— Что ты хочешь этим сказать? — спросил он, грубо выругавшись. — Ну-ка открывай свою пасть, а не то я тебя пришью!
— Так сколько же мы отвалили вот за этот ворованный камушек? — медленно и хладнокровно процедил Раффлс.
— Что-о-о?
Стволы обоих револьверов Розенталя начали описывать все более и более широкие окружности.
— Так во что же обошелся этот камень опытному торговцу левыми бриллиантами?
— Откуда, черт тебя подери, ты это взял? — спросил Розенталь, попытавшись сухо рассмеяться.
— Спрашивай сколько угодно, — ответил ему Раффлс. — В наших местах это всякий знает.

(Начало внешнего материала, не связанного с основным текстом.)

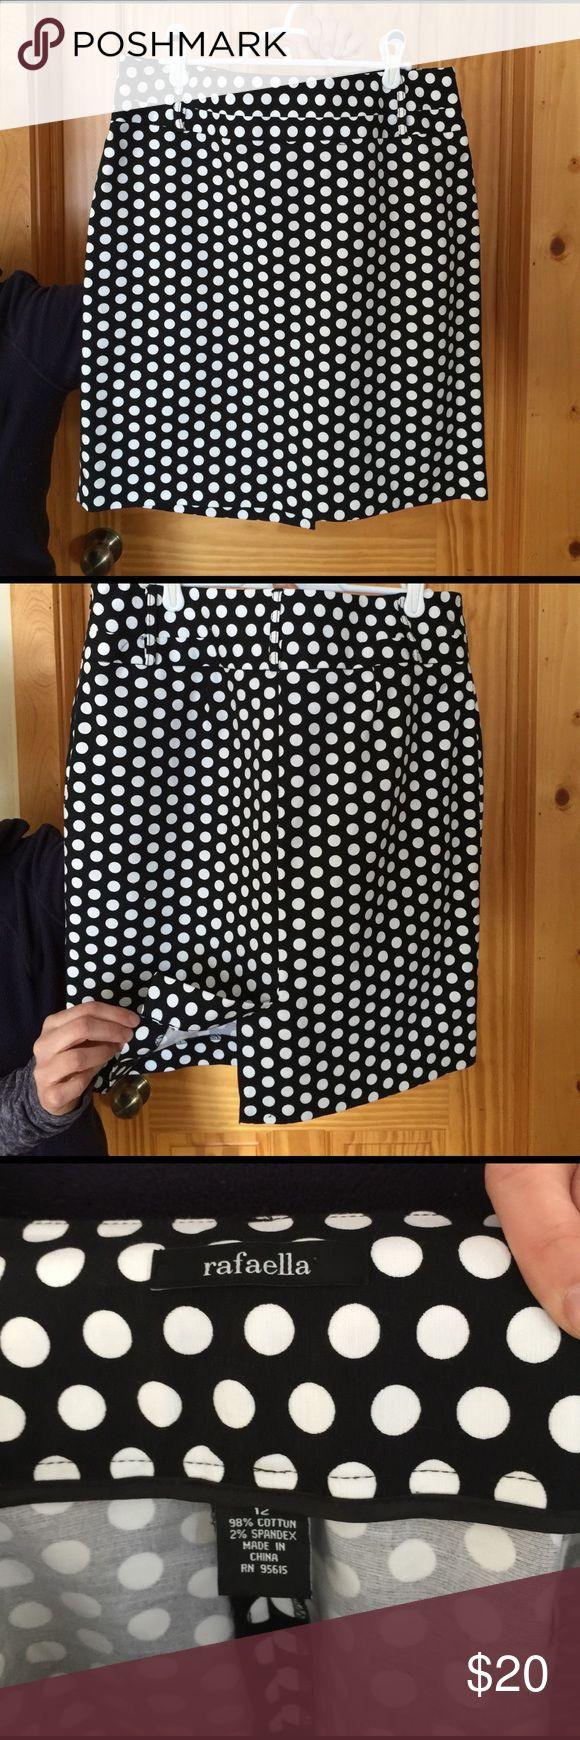 Rafaella Polka Dot Skirt Stunning Polka dot skirt, great for going out of work,soft, only worn a couple times. Rafaella Skirts Pencil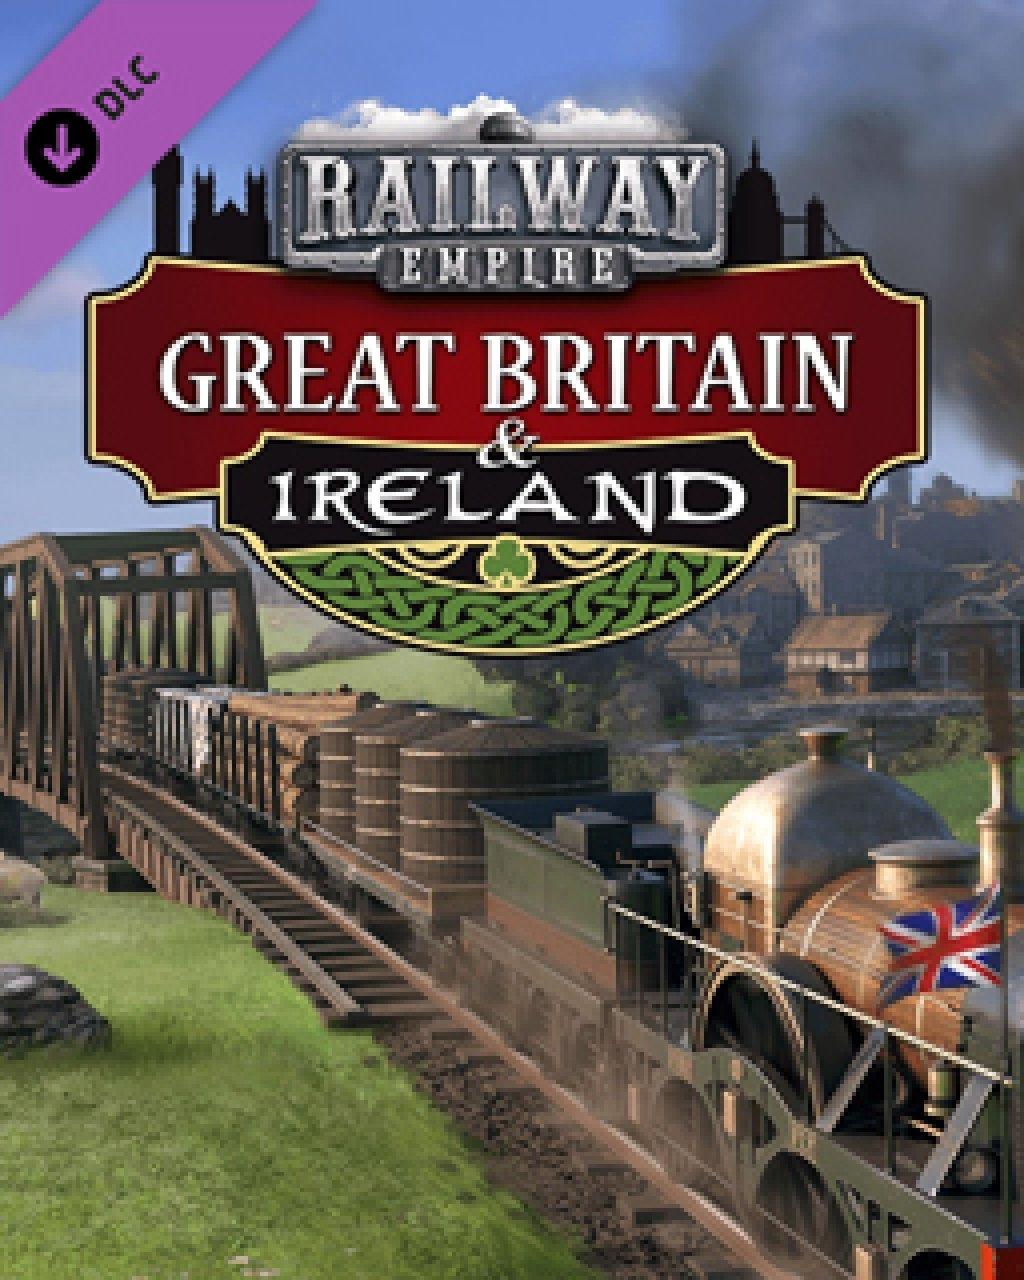 Railway Empire Great Britain & Ireland

— Кто же мог распустить подобный вздор?
— Я не знаю, — сказал Раффлс, — спроси вон того джентльмена, что слева от тебя. Может, он знает.
Джентльмен, стоявший слева от Розенталя, пришел в сильное возбуждение. Нечистая совесть никогда не обнаруживала себя с большей самоочевидностью. На мгновение его глаза, как черные смородинки утопавшие в белом сале его физиономии, вылезли из орбит. В следующее мгновение, подчиняясь своему профессиональному инстинкту, он сунул револьверы в карманы и подступил к нам, сжав кулаки.
— Отойди в сторону, отойди в сторону! — неистово заорал Розенталь.
Но было уже поздно. Лишь только массивный боксер закрыл его от револьверов своим телом, Раффлс одним прыжком выскочил в окно, в то время как меня, хотя я ничего вообще не говорил и все время стоял смирно, сбили с ног одним научно поставленным и превосходно отработанным ударом.
Я, должно быть, провел на полу довольно много времени без сознания. Когда я начал приходить в себя, то услышал сильный шум, доносившийся из сада. Лежа в гостиной, я был полностью предоставлен самому себе. Я присел. Розенталь и Первис носились вокруг дома, ругая кафров и ворча друг на друга.
— Он убежал через ограду, говорю тебе!
— А я говорю, это был тот самый тип. Нельзя ли позвать полицию?
— Будь она проклята, твоя полиция! С меня довольно!
— Тогда давай лучше вернемся и позаботимся о втором негодяе.
— Позаботься лучше о собственной шкуре! Тебе это будет полезнее. Яла, ты, черная свинья, если я еще раз увижу, что ты прячешься за чужие спины…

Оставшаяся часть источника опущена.